WHAT THE TASK ASKS = Exact copy, no pictures: return all the data below as written.

RECORDED DATA =
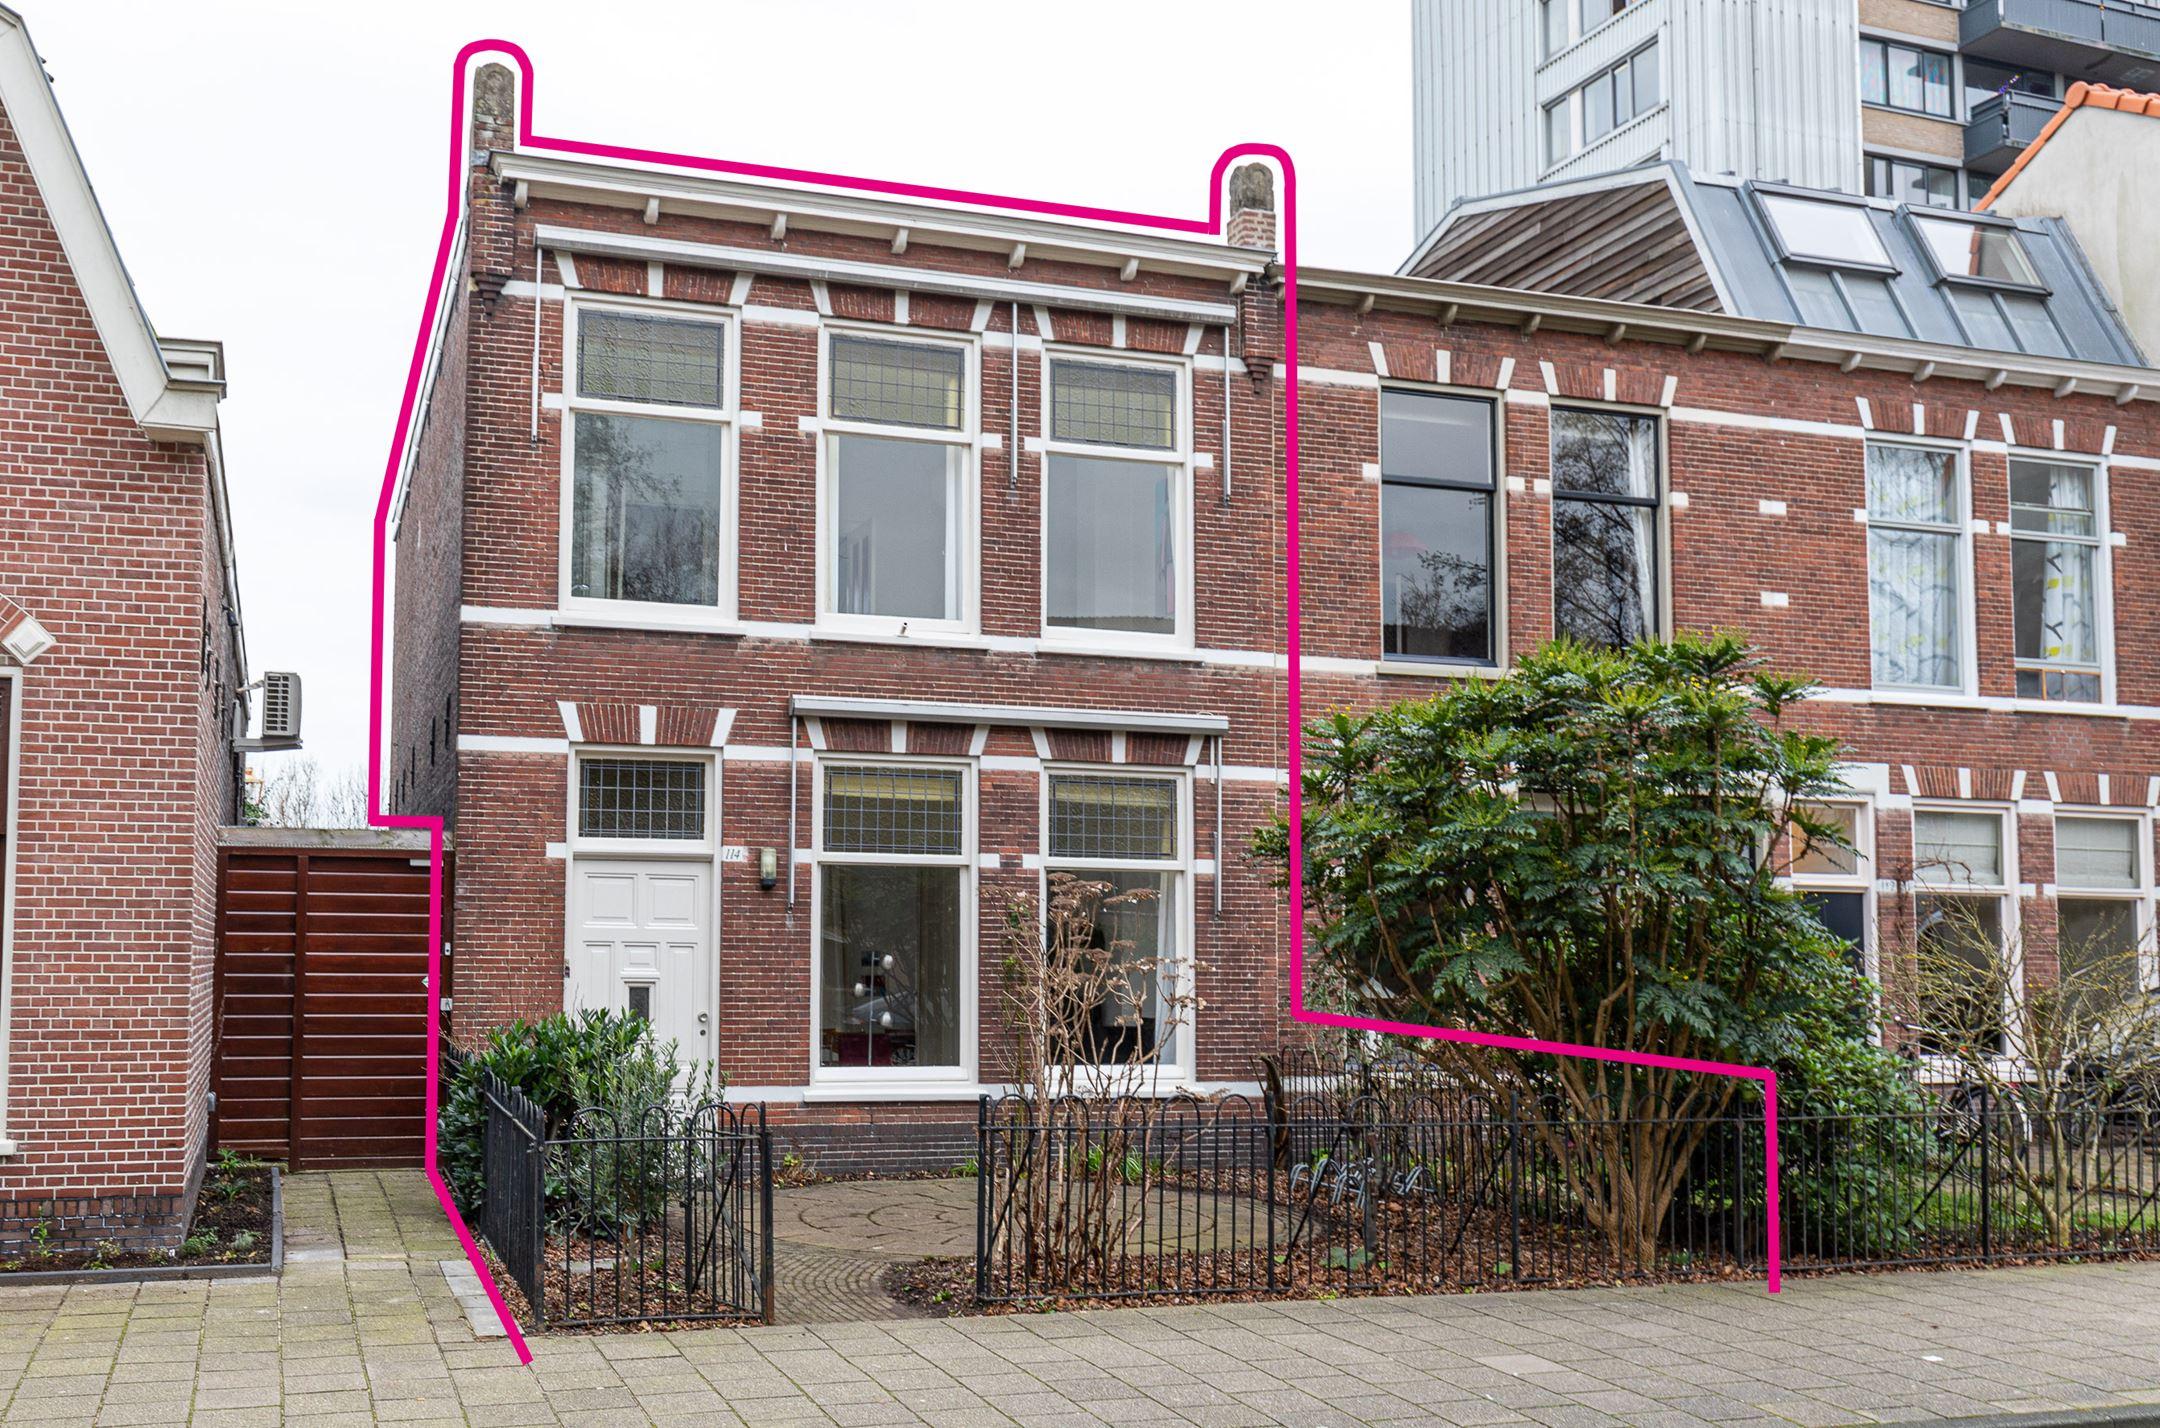 Uitgebouwde 4 kamer eengezinswoning met voortuin en waanzinnig leuk gelegen royale achtertuin met openslaande deuren en liggend op het westen te Leiden
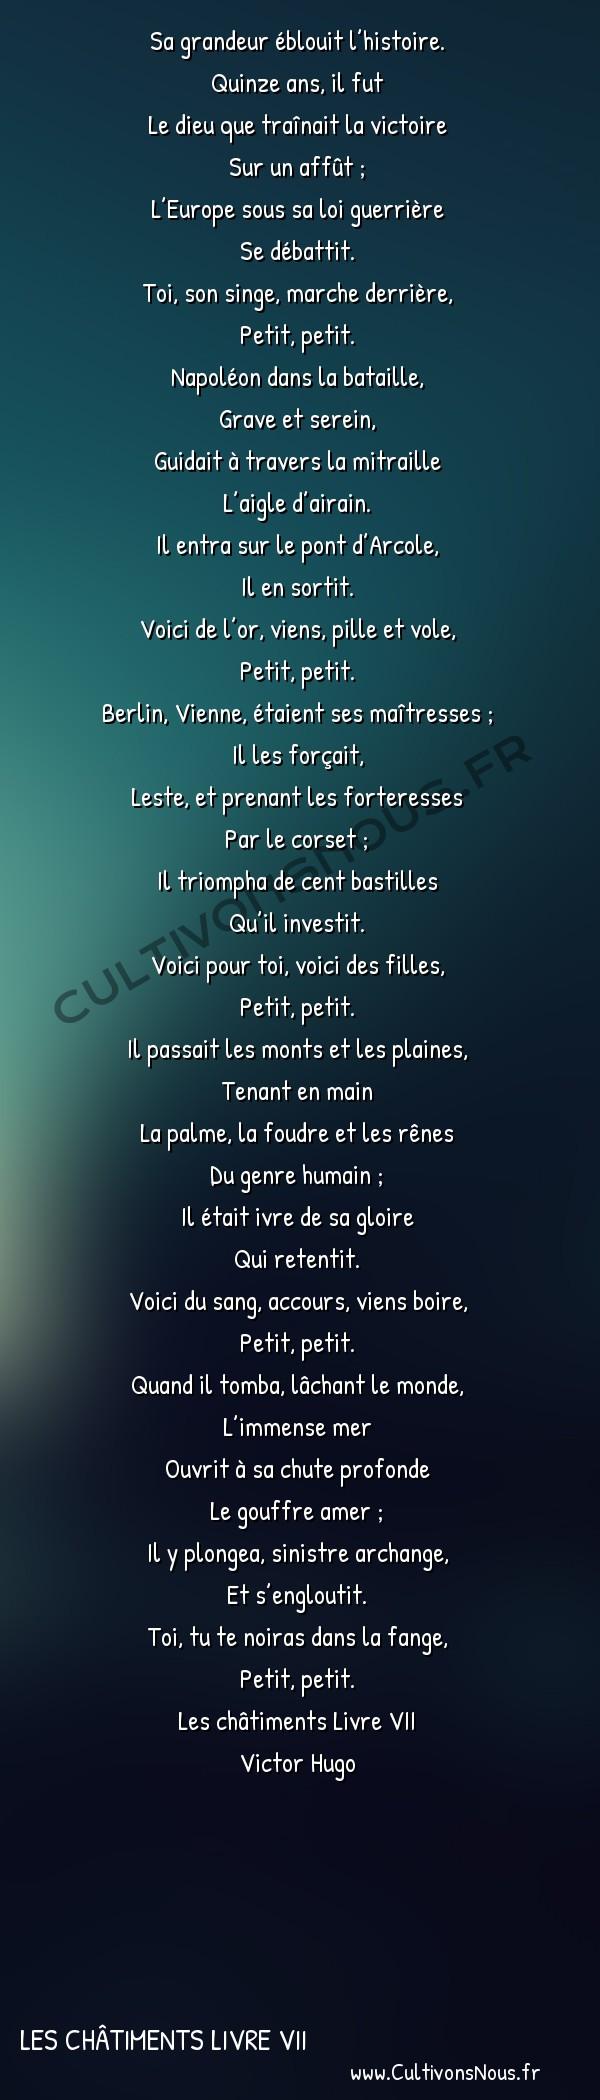 Poésie Victor Hugo - Les châtiments Livre VII - Chanson -  Sa grandeur éblouit l'histoire. Quinze ans, il fut
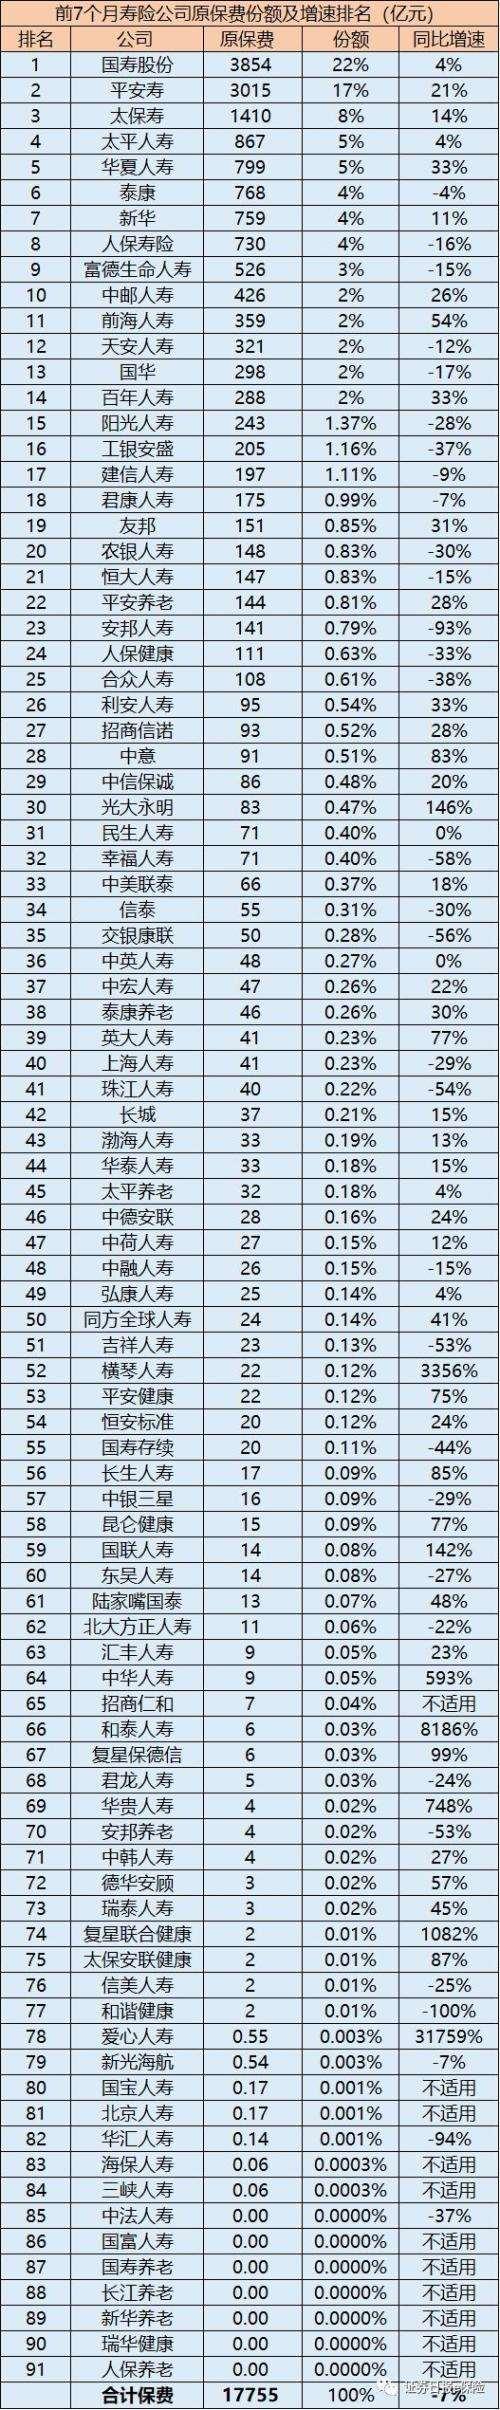 91家寿险公司最新市场份额及增速大排名出炉!

RESULT OF THIS TASK =
 Uitgebouwde 4 kamer eengezinswoning met voortuin en waanzinnig leuk gelegen royale achtertuin met openslaande deuren en liggend op het westen te Leiden
 Poésie Victor Hugo - Les châtiments Livre VII - Chanson -  Sa grandeur éblouit l'histoire. Quinze ans, il fut
 91家寿险公司最新市场份额及增速大排名出炉!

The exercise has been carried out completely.